The aim of this study was to evaluate the association between urinary iodine as reliable indicator of recent iodine status and urinary thiocyanate concentration supposedly related to tobacco smoke exposure of schoolchildren and university students. Subjects of study were 123 children (66 boys and 57 girls) aged 8 to 11 years and 104 medical students (51 men and 53 women) aged 19 to 25 years, all of them from the town of Plovdiv, Bulgaria. Urinary iodine was measured by the Sandell-Kolthoff reaction. The method for thiocyanate determination in urine was based on the quantitative oxidation of thiocyanate in acid permanganate solution with liberation of HCN, which reacted with picric acid. A questionnaire filled by the schoolchildren and students was used to evaluate their exposure to tobacco smoke and their smoking habits.

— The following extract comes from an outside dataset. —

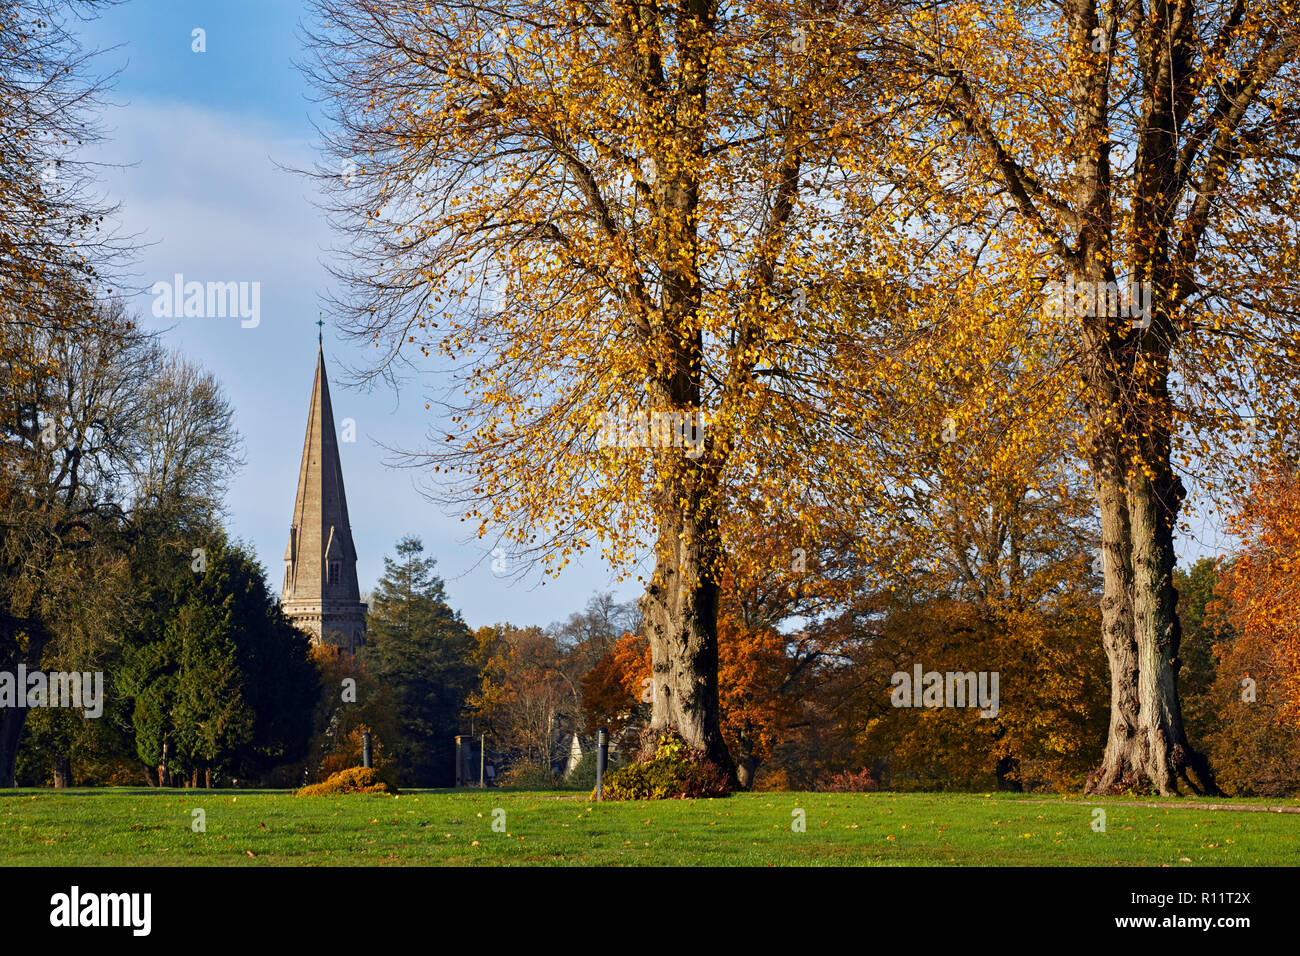 Autumnal Lime Trees on Denbies Estate with the spire of St Barnabas Church beyond. Ranmore Common, Surrey, England. Stock Photo

The median urinary iodine of the inspected schoolchildren was between 100-199 μg/L, which is an indicator of optimal iodine nutrition. However, 10.6% of the children had iodine deficiency. Statistically significant association between tobacco smoke exposure and the values of urine thiocyanate concentration in the inspected children was found. The median urinary iodine of the inspected students was 141 μg/L for the men and 130 μg/L for the women, which indicates optimal iodine nutrition. Around one-third of the subjects were with iodine deficiency though mild iodine deficiency was dominated. There were statistically significant differences between urinary thiocyanate concentrations in smokers and non-smokers (P < 0.0001) with higher thiocyanate values in smokers. None of the studied subjects has a ratio urinary iodine/thiocyanate (g/mg) below 3.5. The quantification of thiocyanate ions in urine provides a fast non-invasive method to monitor thiocyanate load from tobacco smoke. Thiocyanate levels should be carefully controlled in cases of severe iodine deficiency to avoid the competitive inhibition of iodine intake.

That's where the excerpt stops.